Por eso lo llevaron al Gólgota. La cruz no es un
incidente de la historia, ni un trágico malentendido. La cruz es el precio de
Su negativa a doblegarse ante la religión de los hombres.
Es la señal clarísima, grabada en la madera y en la
sangre, de una ruptura radical e irreversible: por un lado, la religión que
mata para defenderse a sí misma; por otro, el Evangelio que muere para dar
vida.
El Templo ha crucificado a la Verdad, pero
precisamente en ese sacrificio el Templo ha caído para siempre. El Evangelio ha
resucitado, y ninguna piedra podrá volver a aprisionarlo jamás.
Recordemos que Jesús no viene a bendecir el poder
religioso, sino a desenmascararlo e inaugurar un camino de misericordia,
libertad e igualdad para los más desfavorecidos.
El Templo, en su forma histórica y simbólica, no es
simplemente un edificio de piedra: es el monumento erigido por la religión de
los hombres, la poderosa construcción de un sistema que pretende hablar en
nombre de Dios mientras que, en realidad, lo oculta tras un muro de ritos,
prohibiciones, jerarquías y miedos.
Allí donde debería resonar la libertad de los hijos,
se oye, en cambio, el lenguaje del dominio; allí donde debería brillar la
misericordia, se acumulan cargas insoportables sobre los hombros de los pequeños.

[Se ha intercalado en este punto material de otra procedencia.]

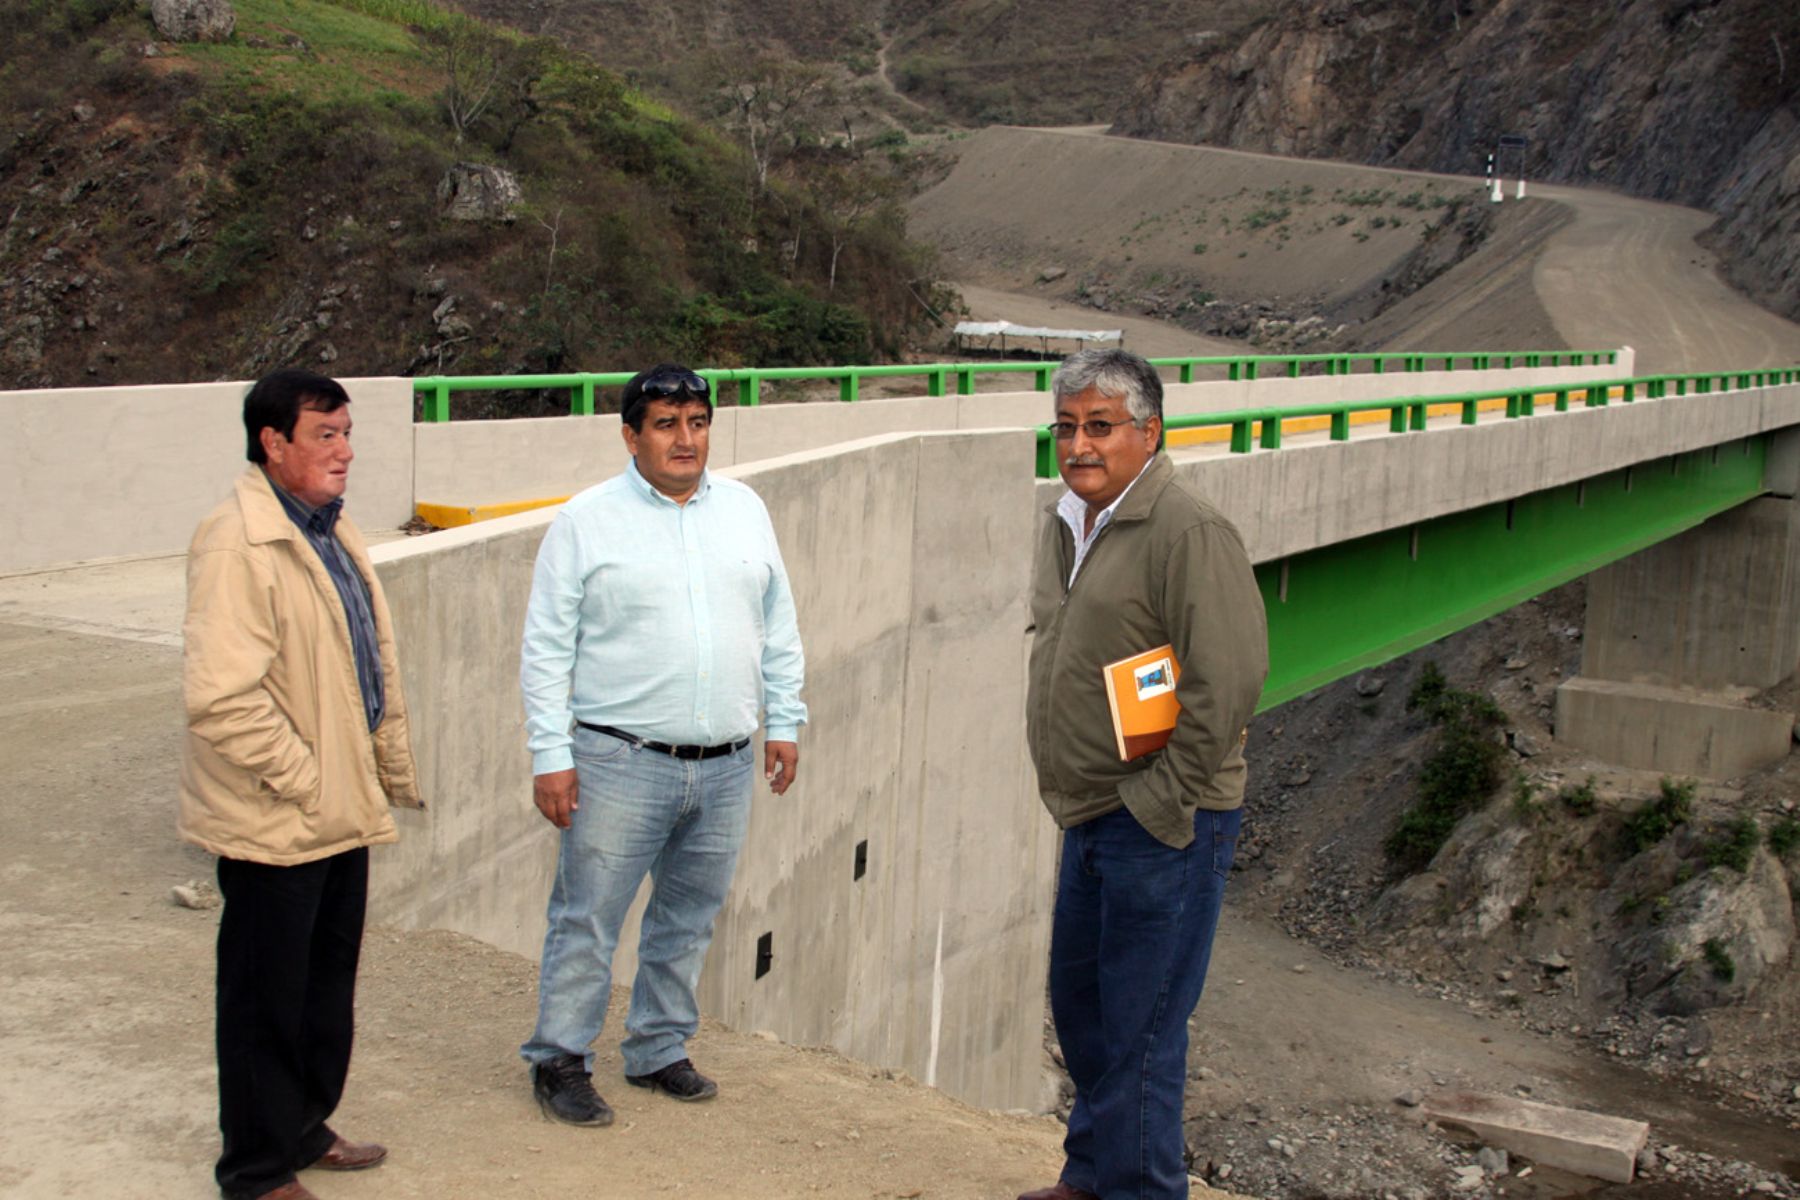 El presidente regional de Lambayeque, Humberto Acuña, inspeccionó puentes construidos en la sierra lambayecana.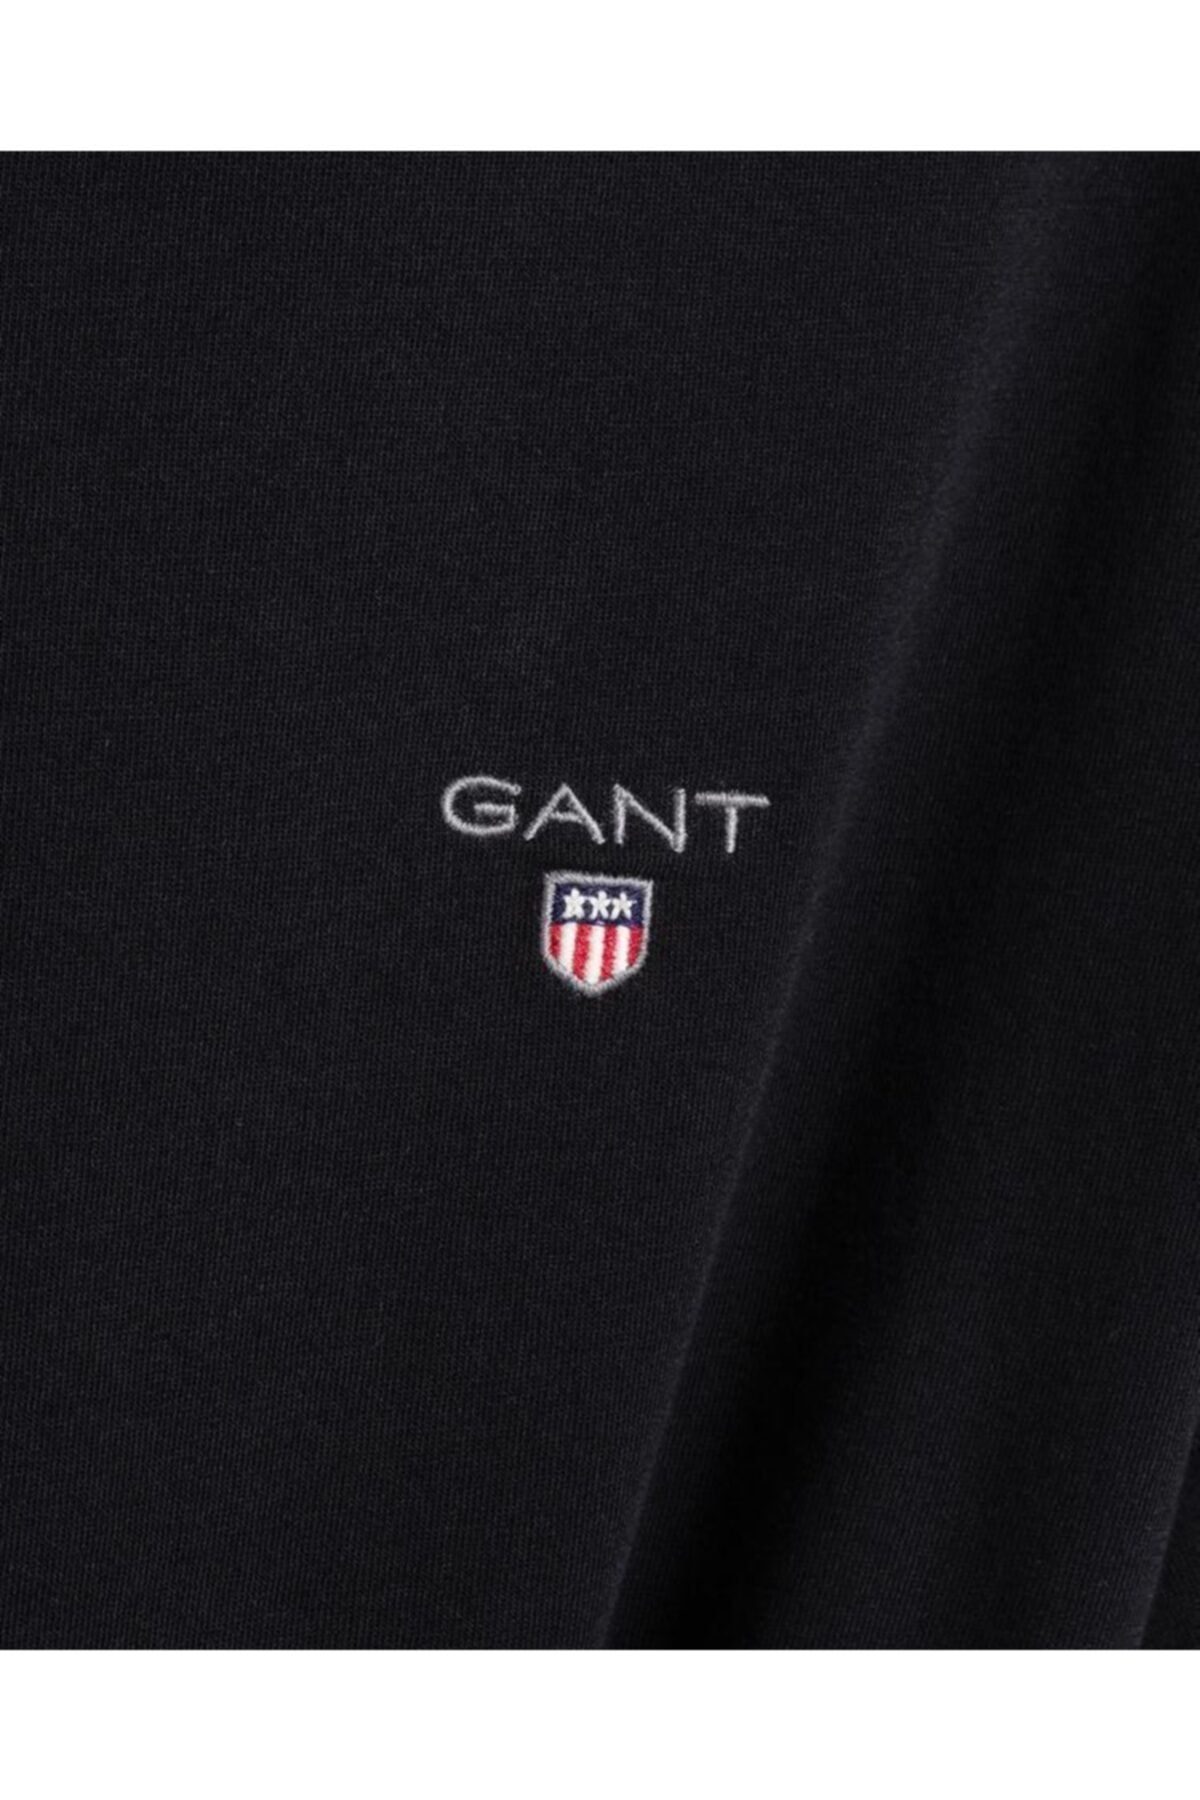 Gant Erkek Siyah Slim Fit V Yaka T-shirt 234104.5

El Templo se convierte así en el signo de una fe
secuestrada por el poder, administrada por guardianes que no abren las puertas
del Cielo, sino que las vigilan para decidir quién puede entrar y quién debe
quedarse fuera.
Es contra esta religión contra la que Jesús se levanta
con la fuerza de los profetas.
Él no viene a restaurar el Templo, ni a purificarlo
para devolvérselo a sus administradores: viene a declarar su fin como lugar de
control sobre el hombre.
Jesús desenmascara el corazón enfermo de toda religión
construida para someter: una religión que no genera vida, sino dependencia; que
no anuncia la cercanía de Dios, sino su lejanía; que no sana las conciencias,
sino que las hiere con el veneno de la culpa.
Cuando la fe se reduce a un código, a una actuación, al miedo a equivocarse, ya no estamos ante el rostro del Padre, sino ante la caricatura de un poder sacralizado.